Configuring replicas
Set the replica count at the project or environment level:
Project-level (applies to all environments by default):
- Go to your project > Settings > Deployment Config
- Set Replicas to the desired number
Environment-level (overrides project default):
- Go to your project > Environments > select environment > Settings
- Set Replicas to the desired number
The environment setting takes priority over the project setting.
How replicas work
When you deploy with multiple replicas:
- Temps creates N containers (e.g.
myapp-1,myapp-2,myapp-3) - Each container gets its own host port
- All containers run the same image with the same environment variables
- The proxy distributes incoming requests across all healthy replicas
- Health checks run independently per replica
- If any replica fails during deployment, all replicas are cleaned up and the deployment fails
Requirements for replicas
Your application must be stateless — it cannot rely on local files, in-memory sessions, or container-local state that is not shared:
- Sessions: Store in Redis or a database, not in memory
- File uploads: Store in S3 or blob storage, not the local filesystem
- Cache: Use Redis or an external cache, not in-process memory
- WebSocket connections: Each client connects to one replica — use a pub/sub system (Redis) if clients need to communicate across replicas
Stateless session example
import session from 'express-session';
import RedisStore from 'connect-redis';
import { createClient } from 'redis';
const redisClient = createClient({ url: process.env.REDIS_URL });
await redisClient.connect();
app.use(session({
store: new RedisStore({ client: redisClient }),
secret: process.env.SESSION_SECRET,
resave: false,
saveUninitialized: false,
}));
Resource limits
Each container runs with configurable CPU and memory limits:
| Setting | Default | Description |
|---|---|---|
| CPU request | 100m | Minimum guaranteed CPU (0.1 cores) |
| CPU limit | 1000m | Maximum CPU (1 core) |
| Memory request | 128Mi | Minimum guaranteed memory |
| Memory limit | 512Mi | Maximum memory |
Configure these per environment in Environment Settings:
- Name
cpu_limit- Type
- string
- Description
Maximum CPU allocation.
1000m= 1 full CPU core.500m= half a core.
- Name
memory_limit- Type
- string
- Description
Maximum memory allocation.
512Mi= 512 MB.1024Mi= 1 GB.
- Name
cpu_request- Type
- string
- Description
Minimum guaranteed CPU. Used for scheduling decisions.
- Name
memory_request- Type
- string
- Description
Minimum guaranteed memory.
If your container exceeds its memory limit, Docker kills it and Temps restarts it (restart policy is always). If this happens repeatedly, increase the memory limit or investigate memory leaks.
Vertical scaling
Upgrade your VPS to get more CPU and RAM. This gives more resources to all containers.
Steps
- Check current usage — Look at CPU and memory utilization in the Temps dashboard or via
htopon the server - Upgrade the VPS — Use your provider's upgrade option (DigitalOcean, Hetzner, Linode, AWS, etc.)

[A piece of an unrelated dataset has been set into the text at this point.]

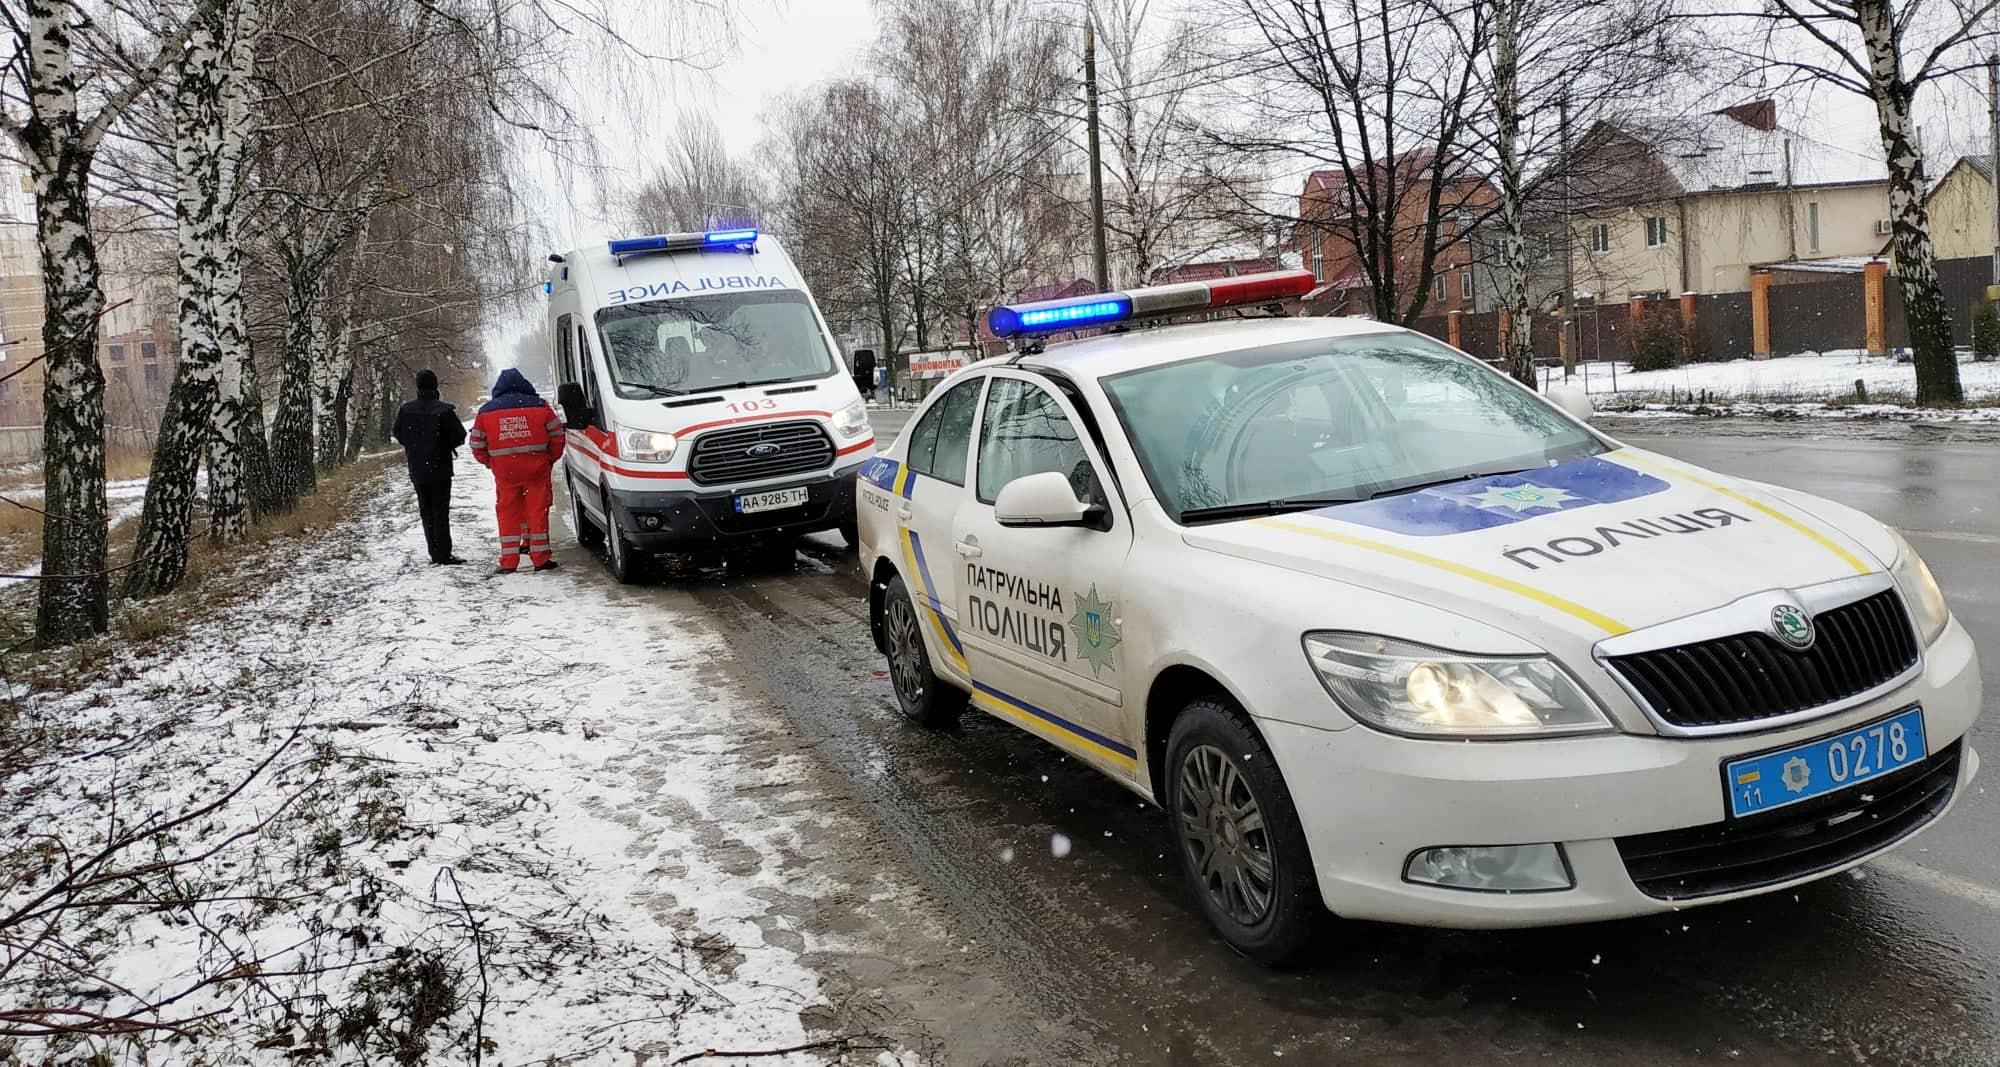 «Увага! Спецсигнал»: як забезпечити пріоритет спецтранспорту на дорозі - Швидка допомога, патрульна поліція, київщина, Вишгород - 0213 pat shvtdka na dorozi

- Temps continues running — Most VPS upgrades preserve the disk. Temps and your containers restart automatically after the server reboots
Recommended server sizes
| Traffic level | Server spec | Monthly cost (approx) |
|---|---|---|
| Hobby / side project | 2 CPU, 4 GB RAM | $5-10 |
| Small production app | 4 CPU, 8 GB RAM | $20-40 |
| Medium traffic | 8 CPU, 16 GB RAM | $40-80 |
| High traffic | 16+ CPU, 32+ GB RAM | $80-160+ |
These are rough guidelines. Actual needs depend on your application — a database-heavy app needs more RAM; a compute-heavy app needs more CPU.
Optimize before scaling
Optimization is free and often more effective than adding resources:
Database queries
The most common performance bottleneck. Check for:
- N+1 queries — Loading related data in a loop instead of a JOIN
- Missing indexes — Add indexes on columns used in WHERE, JOIN, and ORDER BY clauses
- Expensive queries — Use
EXPLAIN ANALYZEto find slow queries - Connection pooling — Set appropriate pool sizes (20-50 connections per container)
Caching
Add caching for data that does not change on every request:
import { createClient } from 'redis';
const redis = createClient({ url: process.env.REDIS_URL });
async function getUsers() {
const cached = await redis.get('users');
if (cached) return JSON.parse(cached);
const users = await db.query('SELECT * FROM users');
await redis.set('users', JSON.stringify(users), { EX: 300 }); // 5 min cache
return users;
}
Frontend performance
For static sites and SPAs deployed on Temps:
- Temps already applies gzip compression, cache headers, and ETags automatically
- Use code splitting to reduce initial bundle size
- Lazy load routes and heavy components
- Optimize images (use modern formats like WebP/AVIF)
Application profiling
Profile your application to find hotspots before guessing:
- Node.js:
node --inspectorclinic.js - Python:
cProfileorpy-spy - Go:
pprof - Rust:
flamegraph
Monitoring
Track these metrics to know when scaling is needed:
- Response time — Increasing trend means the server is under pressure
- CPU usage — Sustained >80% means CPU-bound; add replicas or upgrade
- Memory usage — Approaching the limit means containers may get killed
- Error rate — Spikes correlate with resource exhaustion
Temps includes built-in analytics and monitoring. For server-level metrics, use standard tools:
# Real-time resource usage
htop
# Container-level stats
docker stats
# Disk usage
df -h
For application-level monitoring, add OpenTelemetry tracing — Temps injects OTEL_* environment variables automatically. See the observability tutorial for setup instructions.
Troubleshooting
Container keeps restarting
The container is hitting its memory limit and being killed by Docker. Check the container logs for OOM (out of memory) errors. Increase the memory limit or fix memory leaks in your application.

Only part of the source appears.